Then we pushed to production and watched as half of the client's image galleries turned into broken image placeholders.

The files weren't unused—they were being referenced dynamically through a custom field structure that our cleanup script didn't know about. We spent the next six hours frantically restoring files from backups while the client's marketing team wondered why their perfectly good website had suddenly broken.

The Real Cost of Digital Hoarding

Storage costs were just the tip of the iceberg. The bigger problems were more subtle:

Performance degradation: Media library interfaces that worked fine with 100 files became unusable with 10,000. Content teams started complaining that finding the right image took longer than creating the content that used it.

Decision paralysis: When you have 500 product photos in a folder, choosing the right one becomes overwhelming.
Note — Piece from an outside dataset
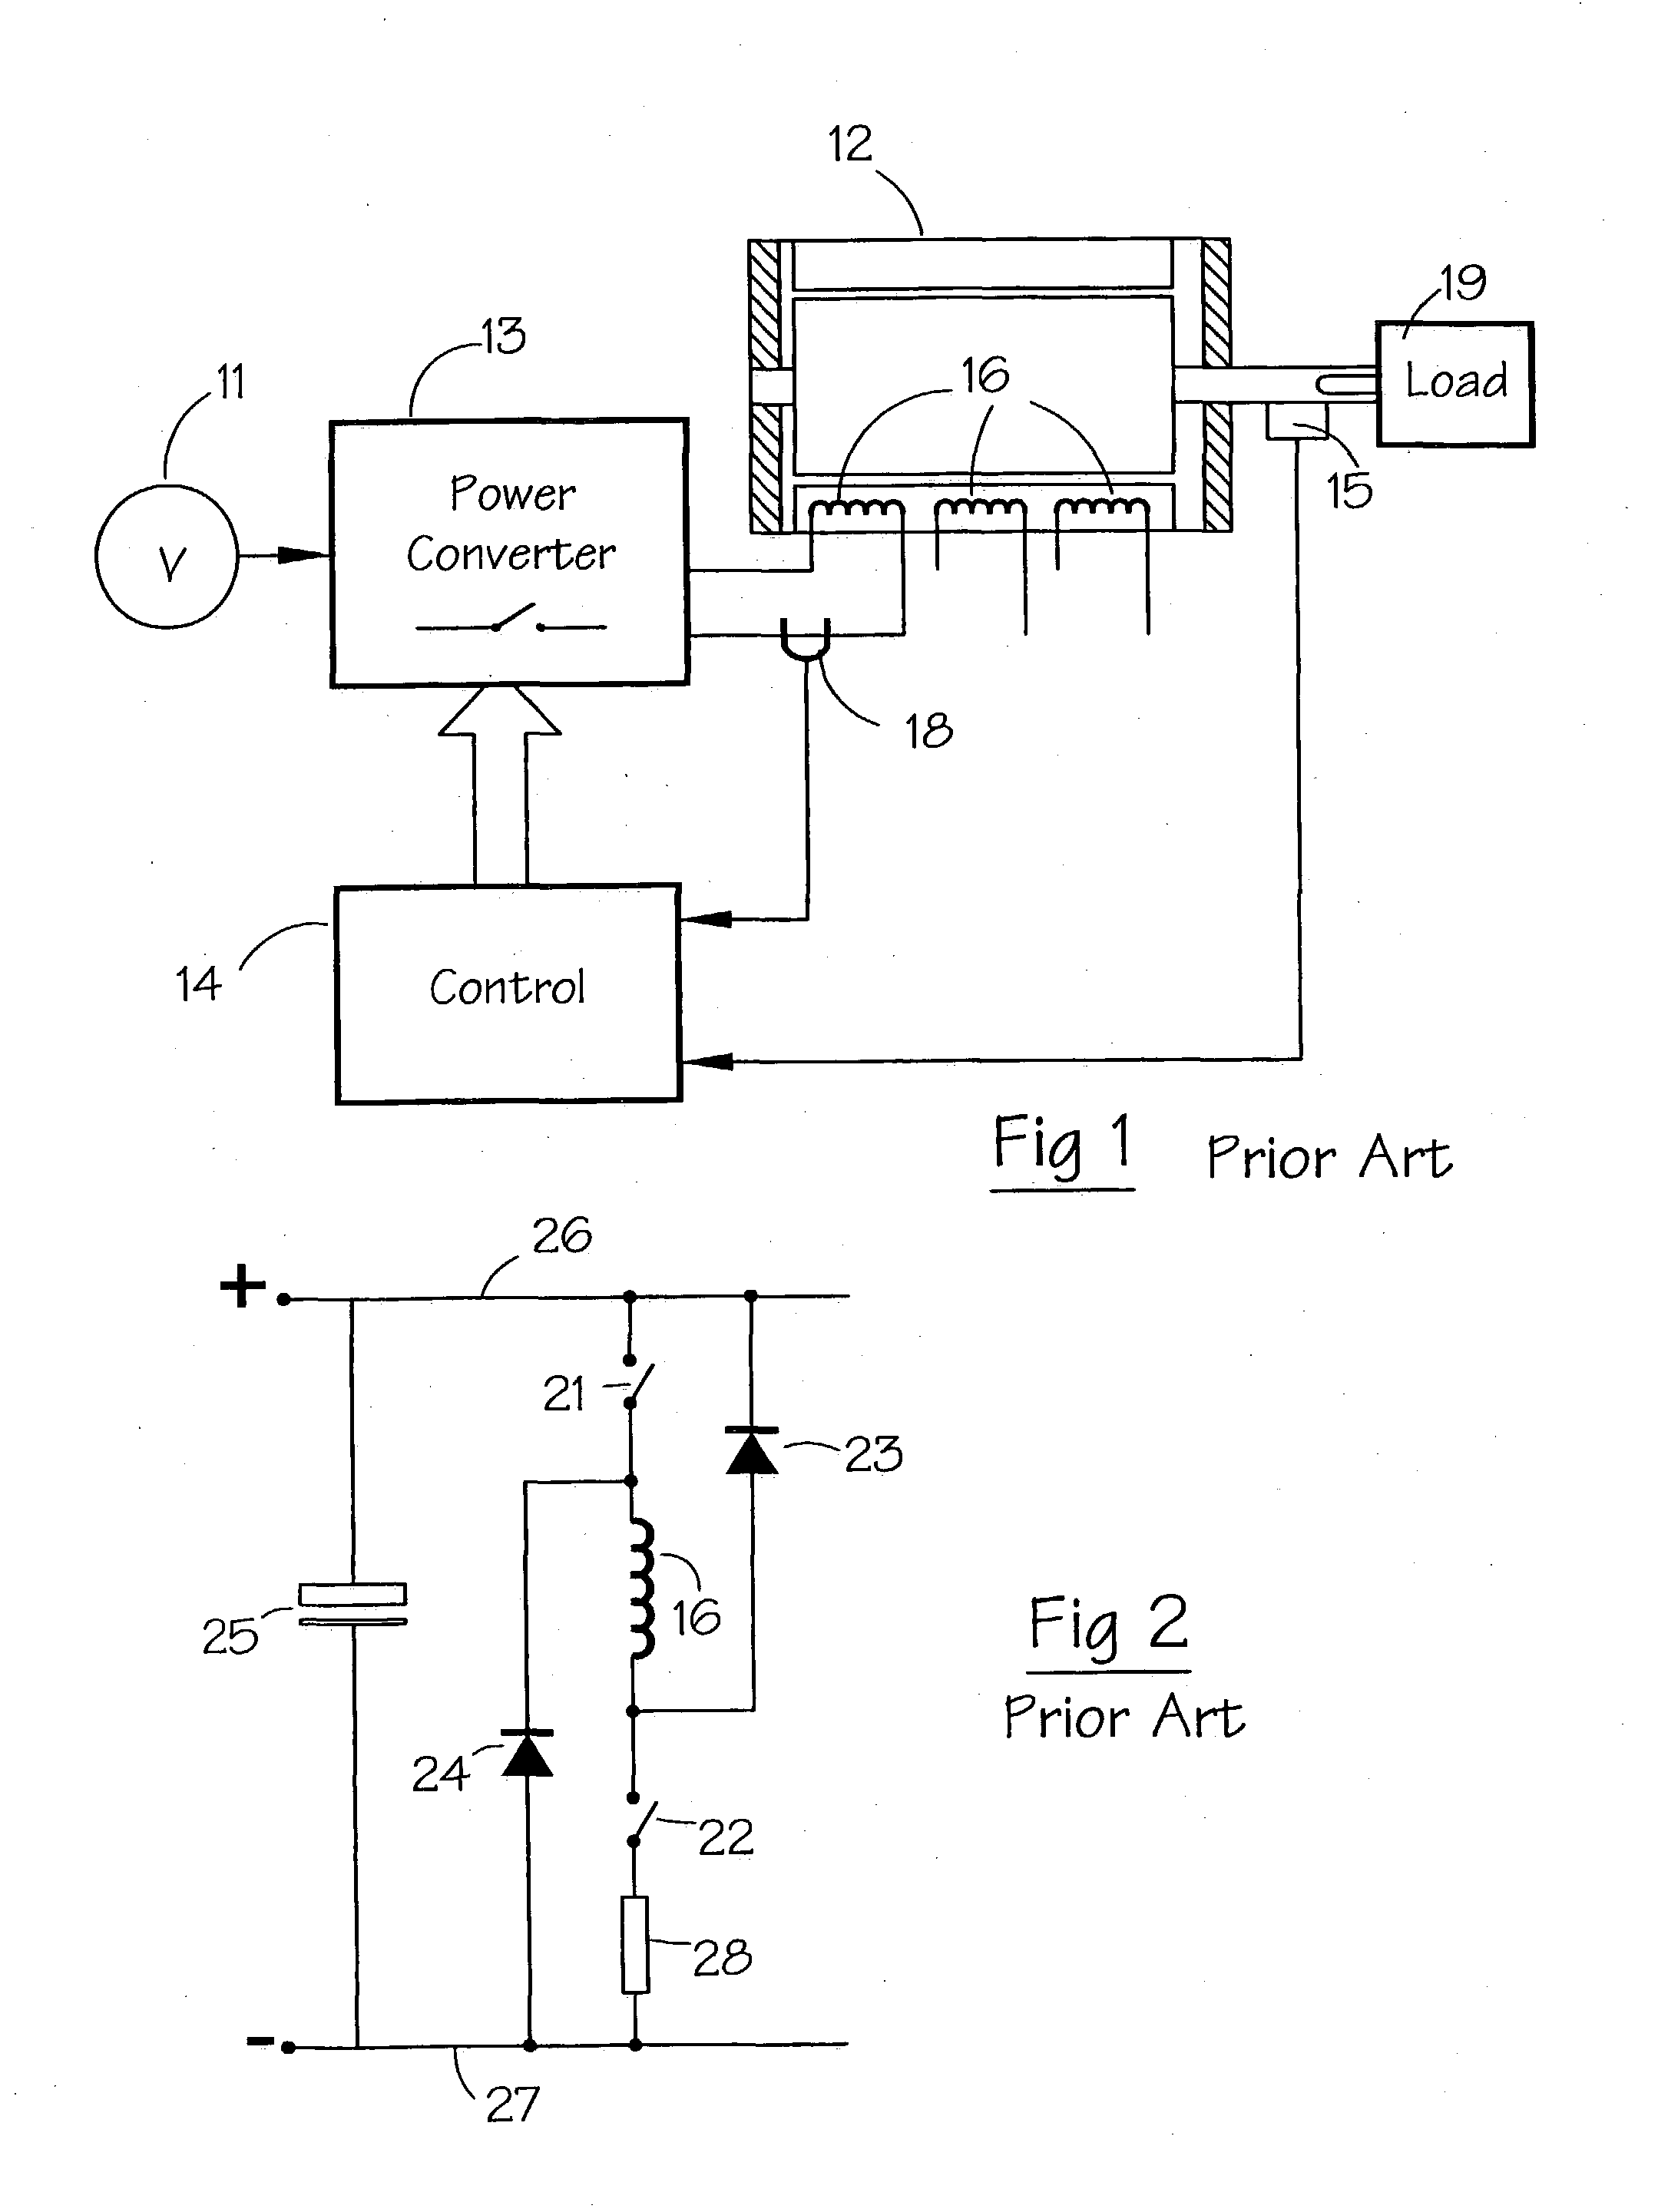 Control of a switched reluctance drive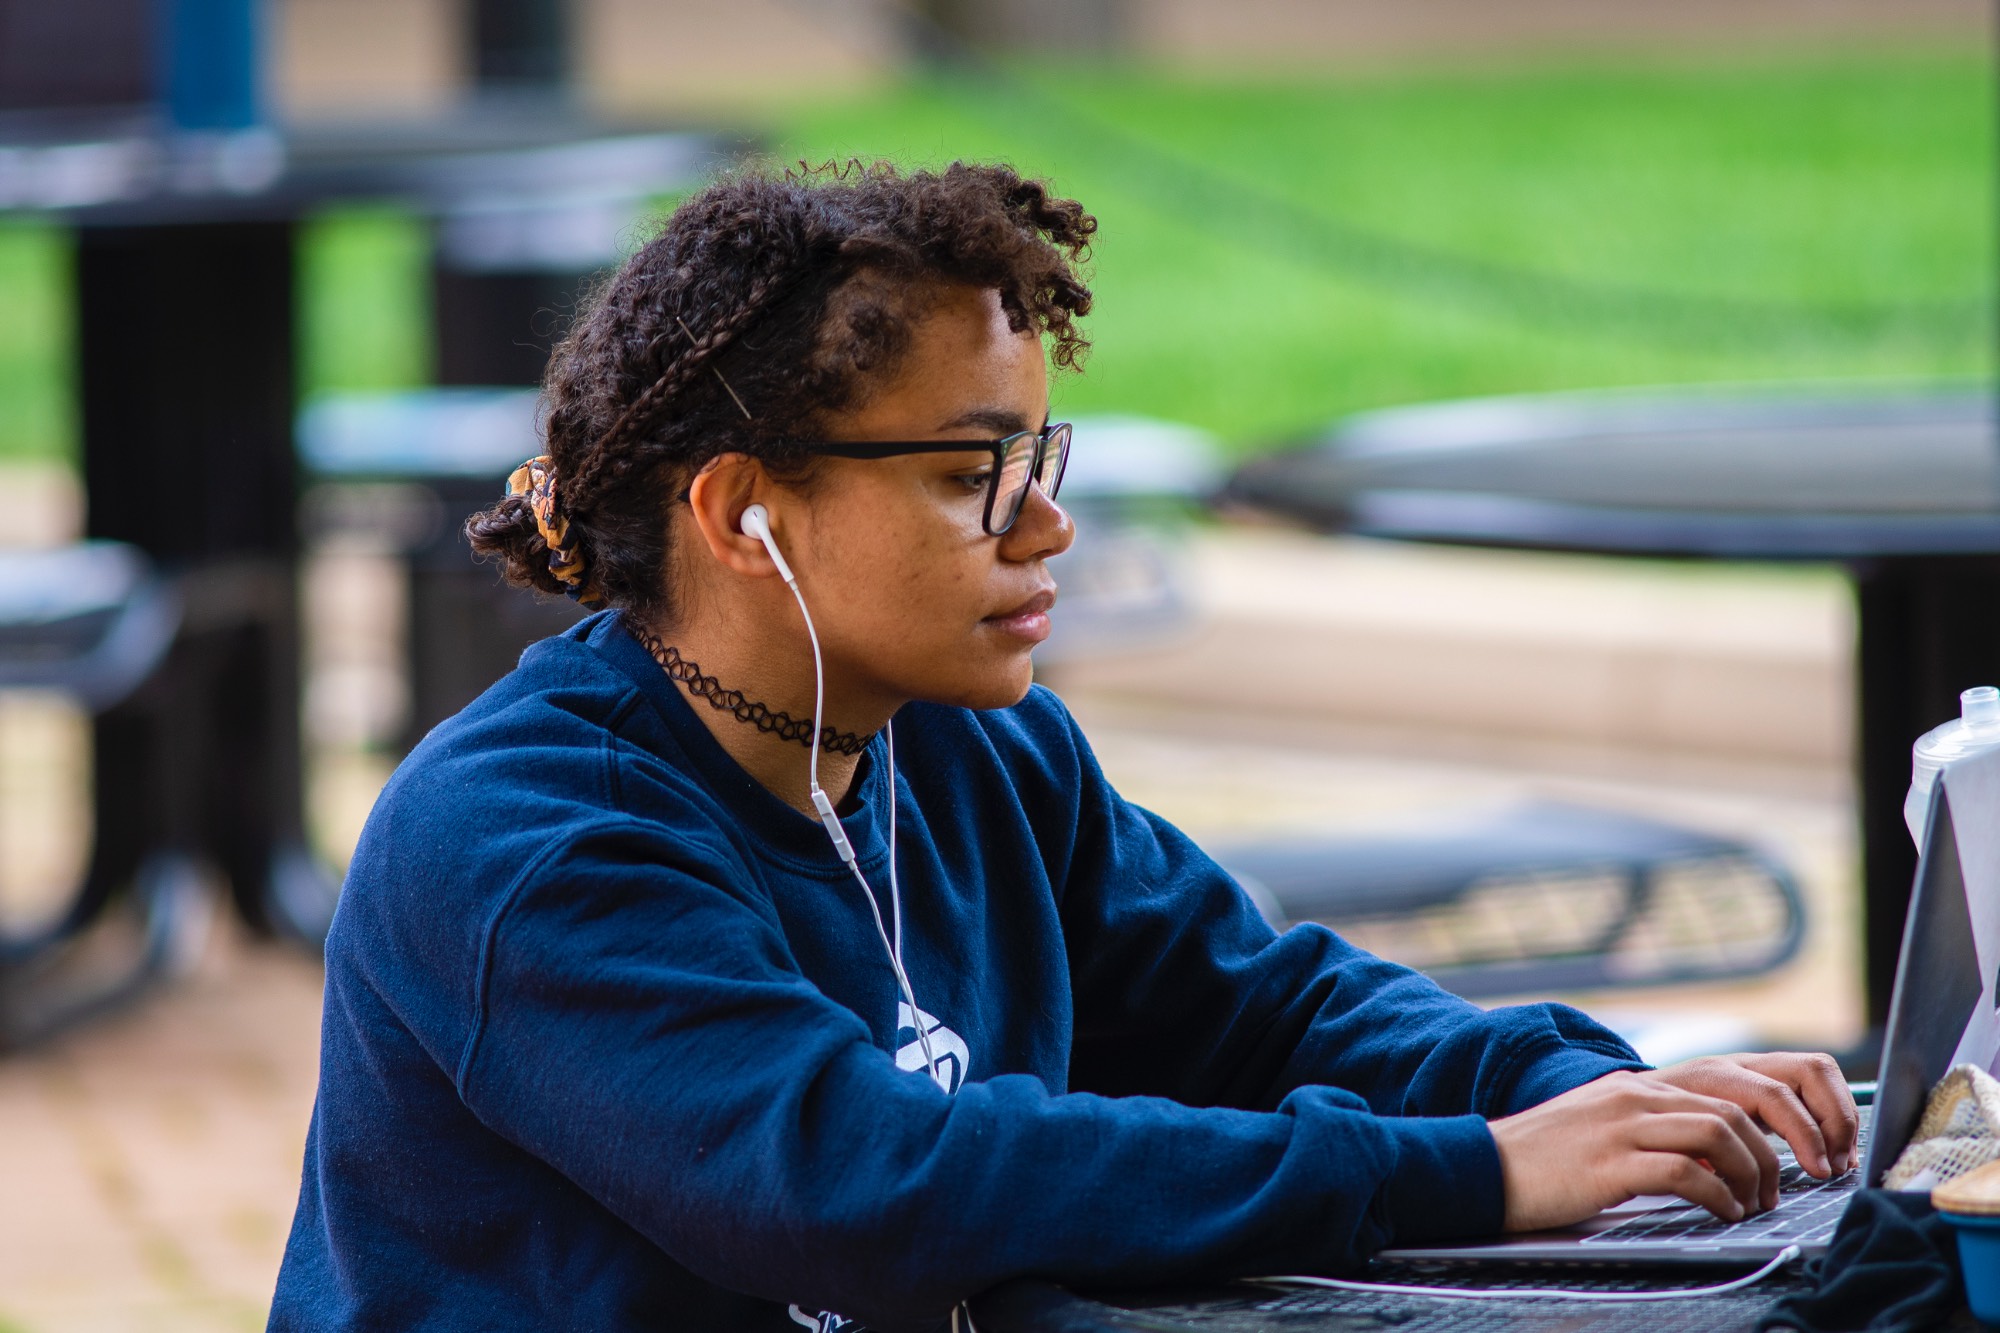 a student listen to music while studying outside

Content creators would spend more time browsing assets than actually building pages.

Version confusion: Multiple uploads of similar files led to constant questions: "Is this the approved logo?" "Which version of this image should I use?" "Is the high-res version the same as the web version?"

Backup complexity: Our deployment and backup processes slowed down dramatically as they tried to sync massive asset directories across environments.

Support overhead: Every "my image isn't displaying" ticket required forensic work to figure out which of the twelve similar filenames was the right one.

The International Energy Agency project made this painfully clear. They'd upload batches of charts and infographics for their energy reports, but by the time they were ready to publish, they couldn't remember which files were the final versions and which were works-in-progress. We spent more time on asset archaeology than actual content management.

What Actually Worked

Instead of building a perfect automated cleanup system, we learned to attack the problem from multiple angles:

Upload governance: Added file naming conventions and folder structures during client onboarding. Not exciting, but way more effective than trying to organize chaos after the fact.

Version control: Built simple tools for marking files as "draft," "approved," or "archived" so teams could manage their own asset lifecycles without accidentally deleting something important.

Usage tracking: Instead of trying to reverse-engineer what was being used, we started tracking when files were actually served to end users. Files that hadn't been requested in 6+ months got flagged for review.

Bulk operations: Added tools for content managers to select and delete multiple files at once, making cleanup feel manageable instead of overwhelming.

Storage policies: Implemented automatic archiving for files older than a certain age, with easy restoration if someone actually needed something from the archives.

Client education: Started having explicit conversations during project kickoffs about asset management strategies, not just technical capabilities.

The Hard Conversation

The most important change wasn't technical—it was cultural. We had to start having honest conversations with clients about their upload habits.

"I know it feels safer to upload everything," I'd tell new content teams, "but every file you upload becomes someone else's problem six months from now. Either they'll spend time managing it, or they'll spend money storing it, or they'll spend frustration trying to find the right version."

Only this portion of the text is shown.